**Dataset section:**

"""

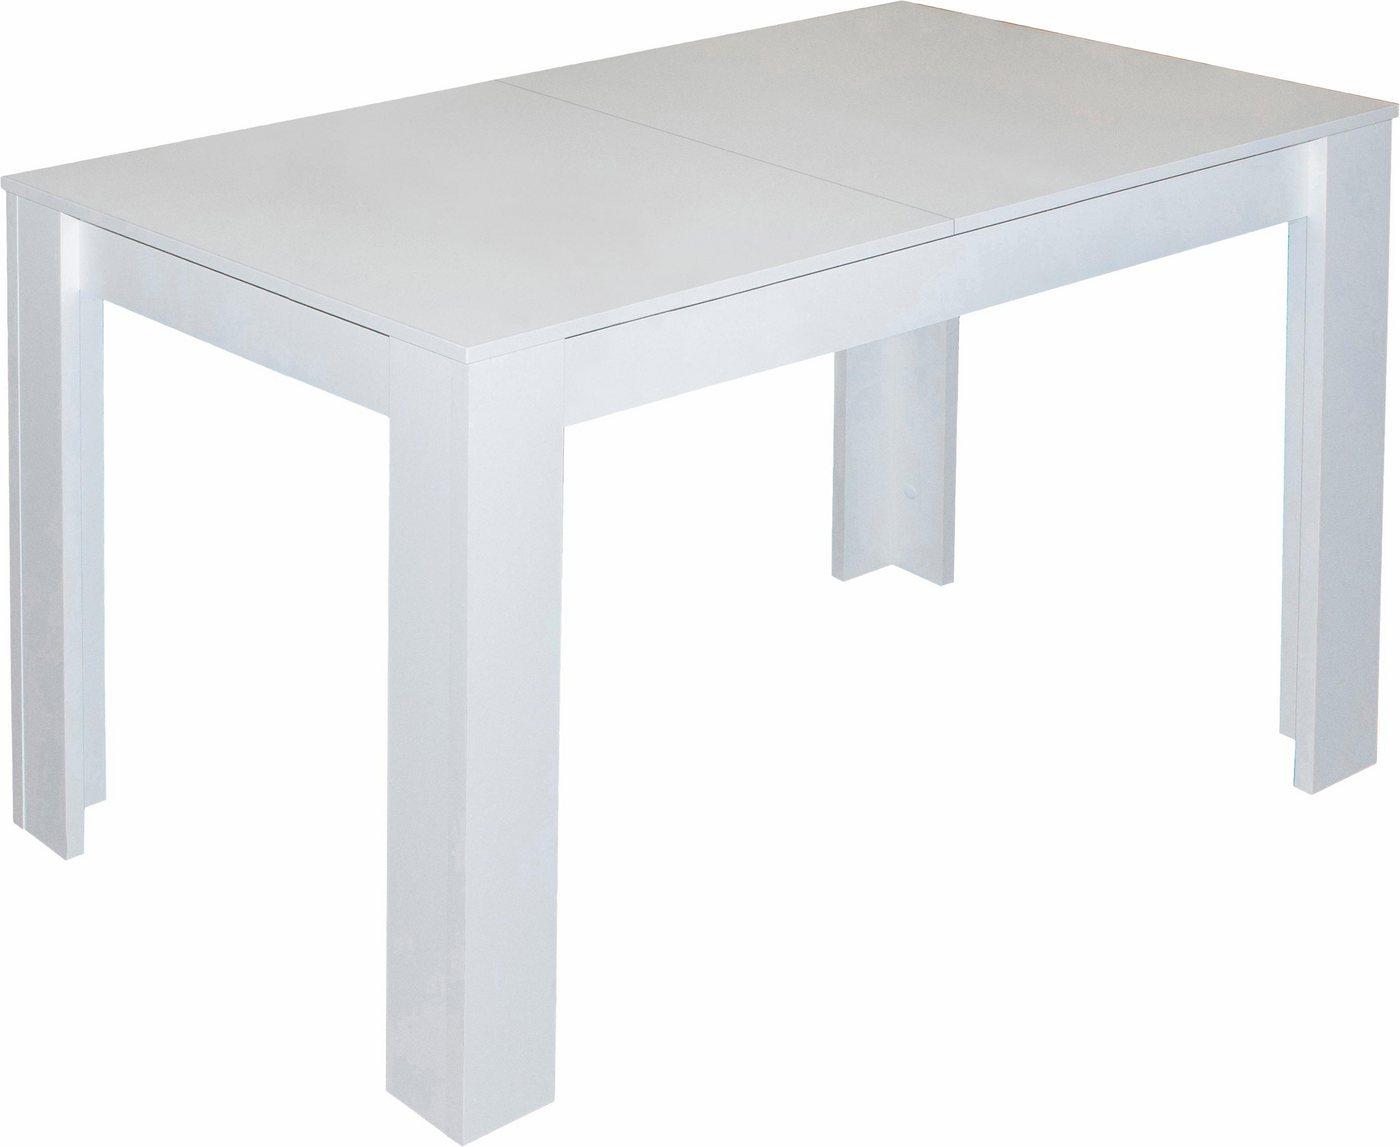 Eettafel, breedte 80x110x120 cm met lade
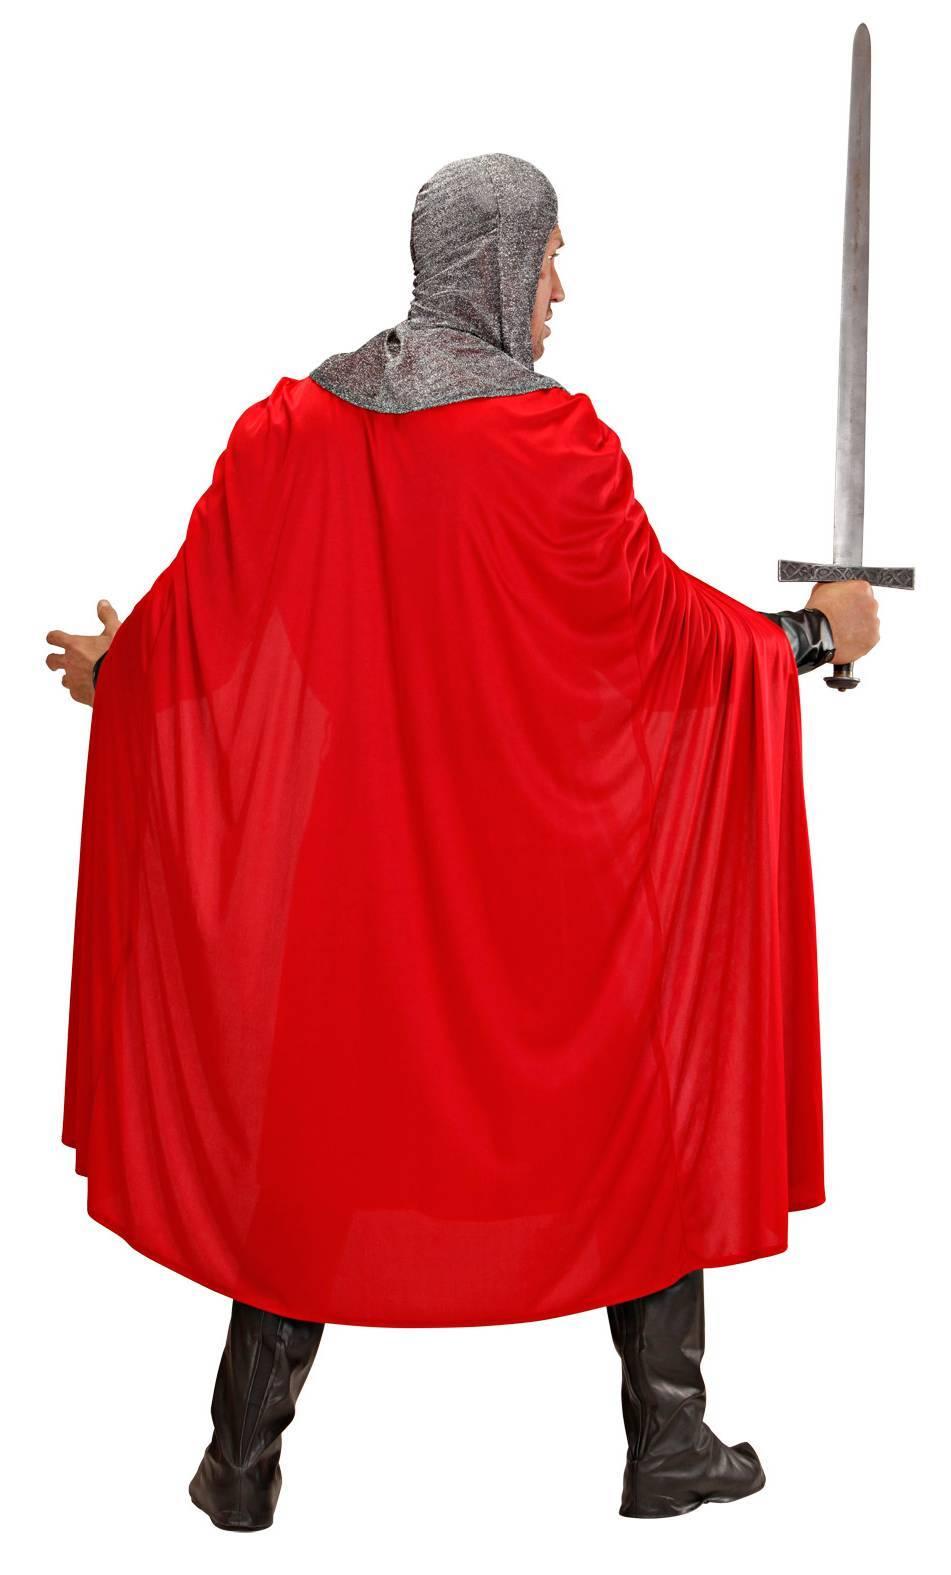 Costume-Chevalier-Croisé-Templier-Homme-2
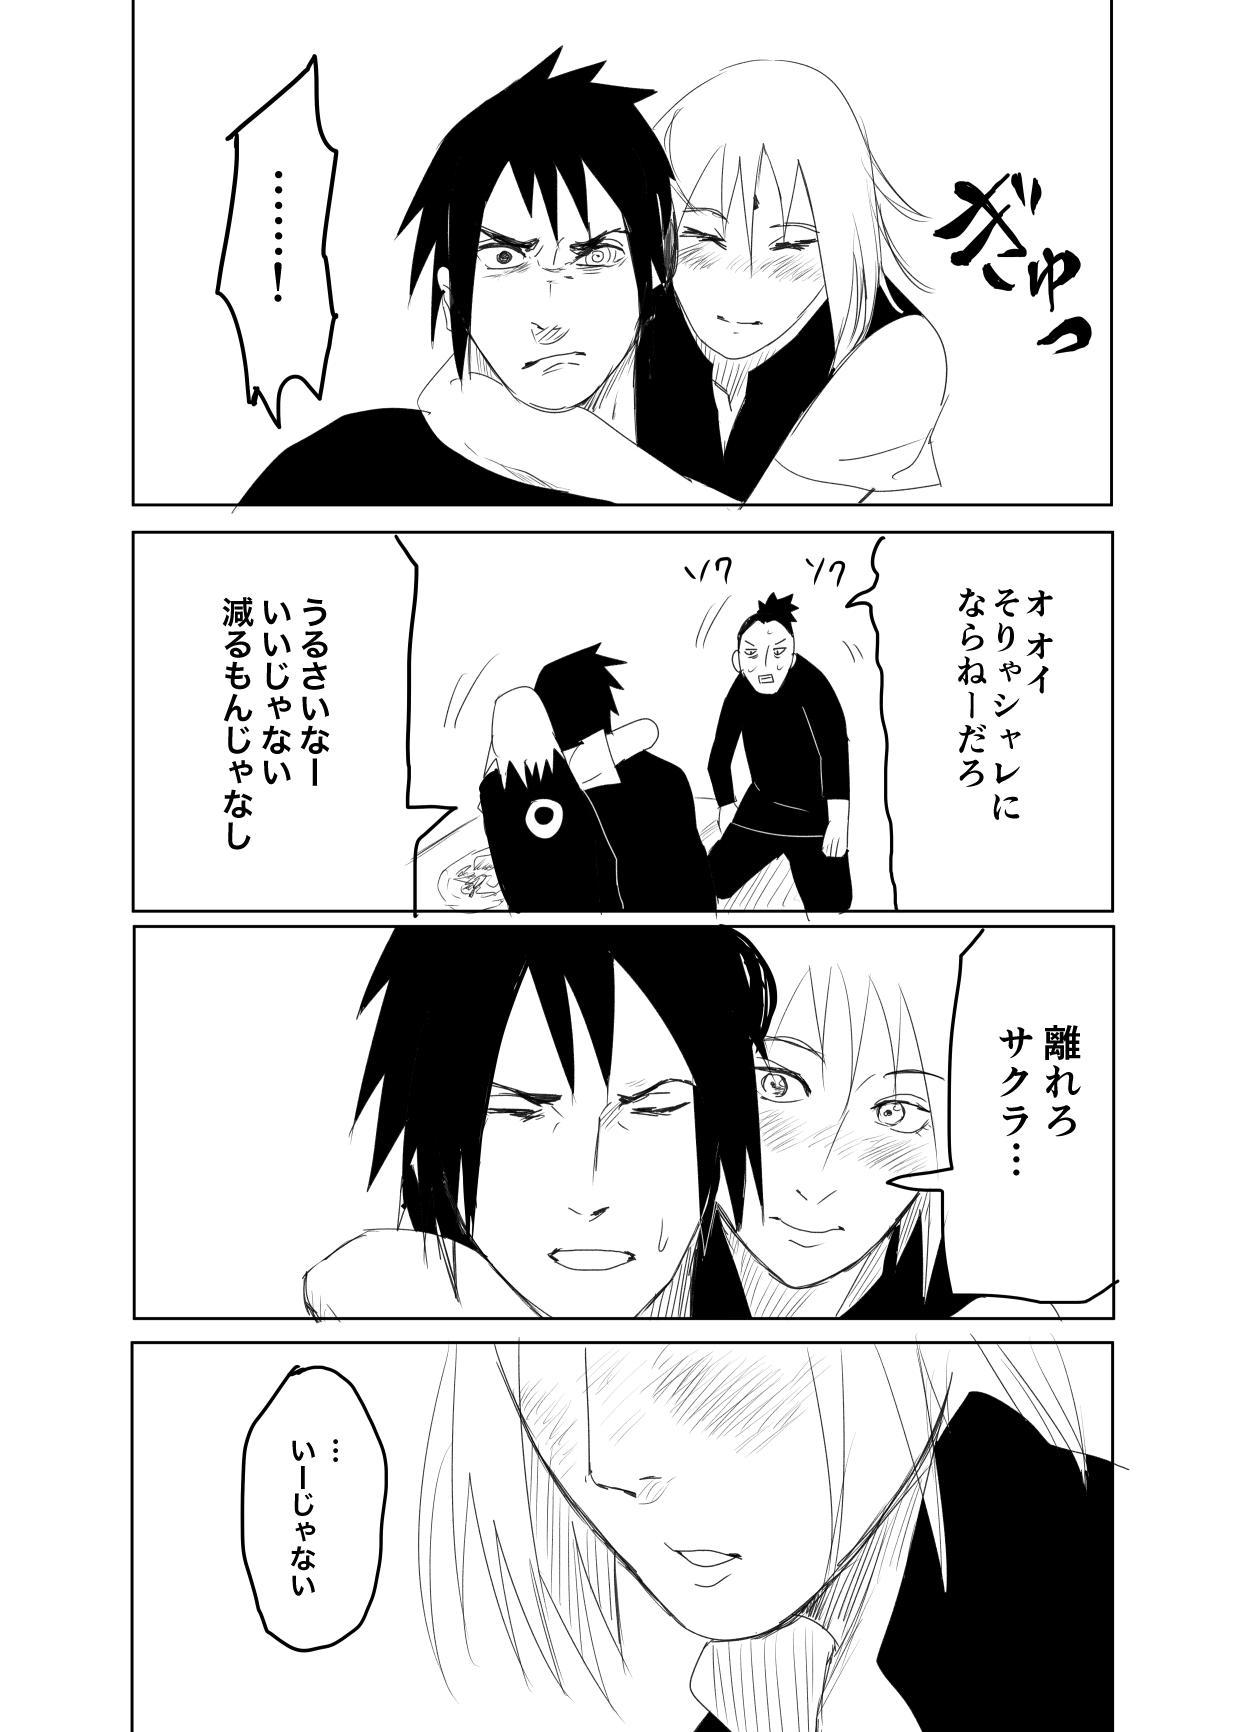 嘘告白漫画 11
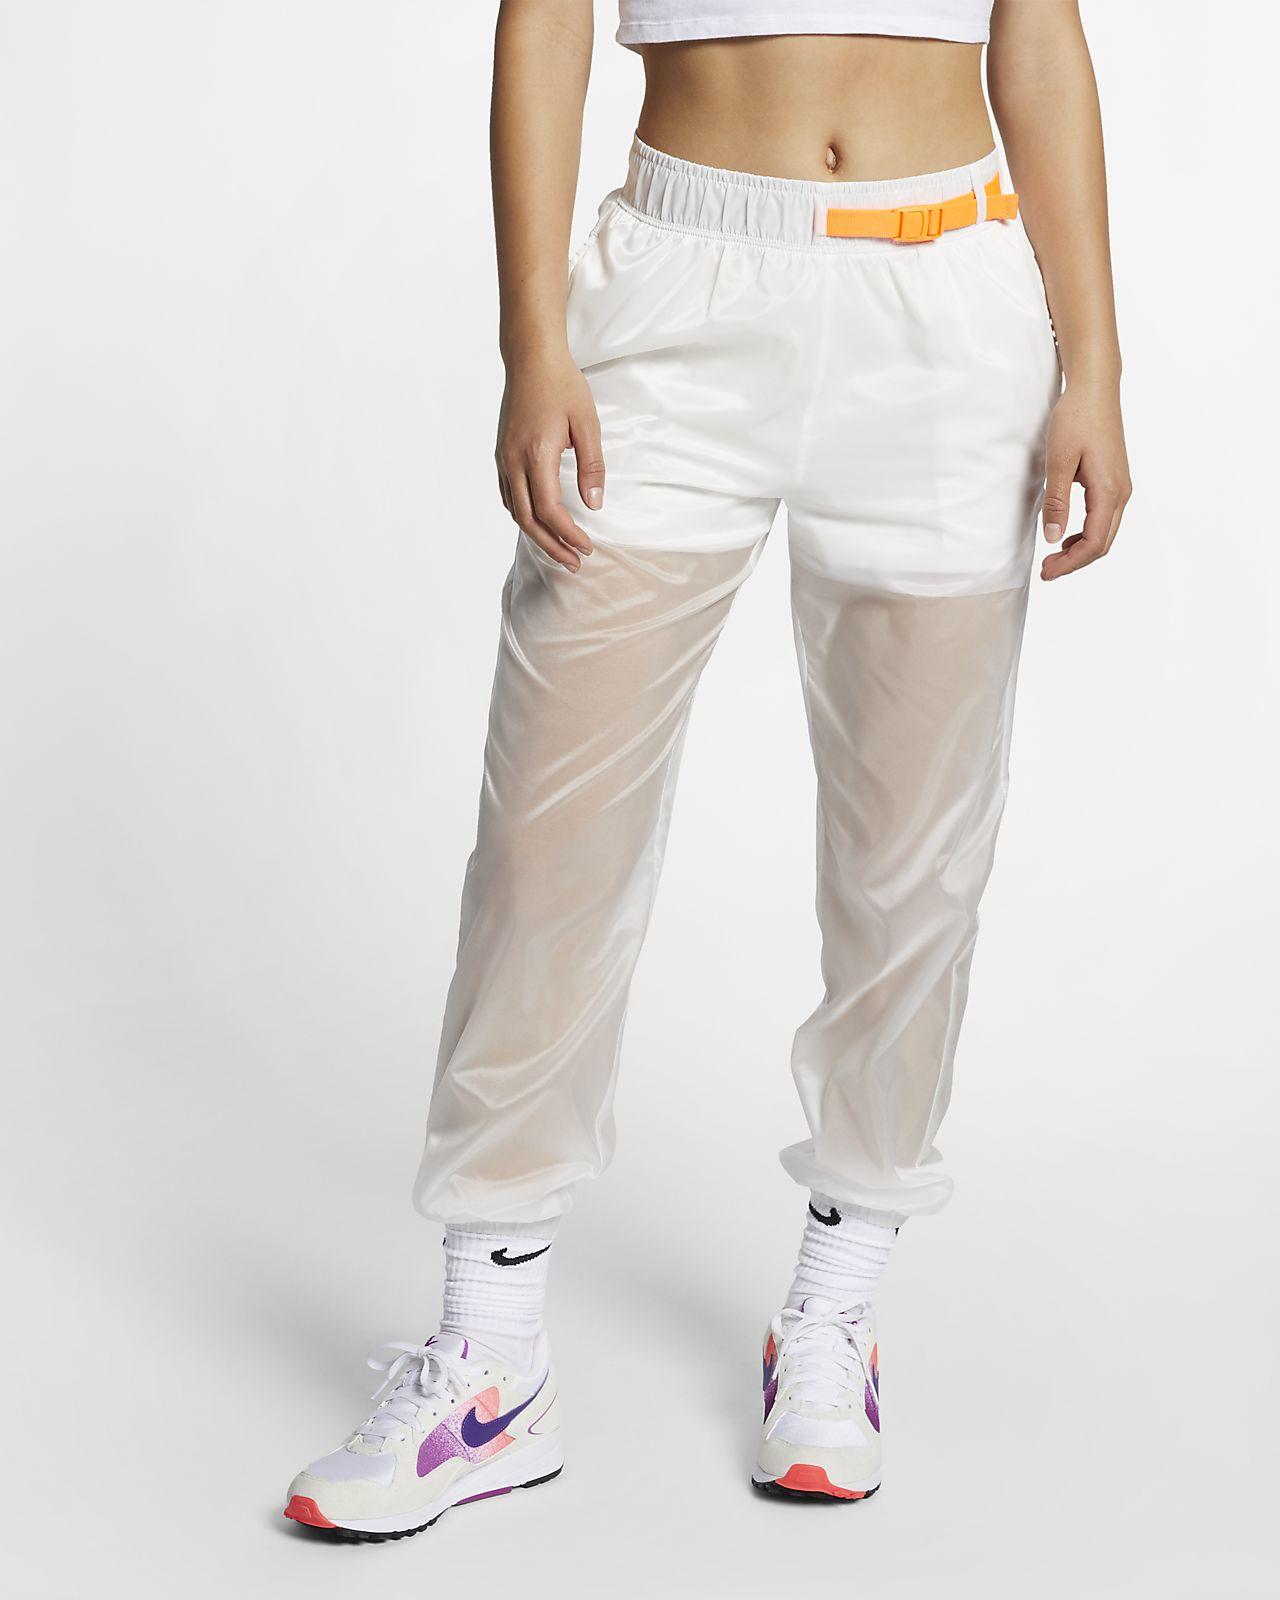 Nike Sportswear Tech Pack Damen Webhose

"""

**Activity:** Set the listing down in full and exactly. Pictures within it should not appear in the copy.

**Output of the task:**
 Eettafel, breedte 80x110x120 cm met lade
 Costume-Chevalier-Croisé-Templier-Homme-2
 嘘告白漫画 11
 Nike Sportswear Tech Pack Damen Webhose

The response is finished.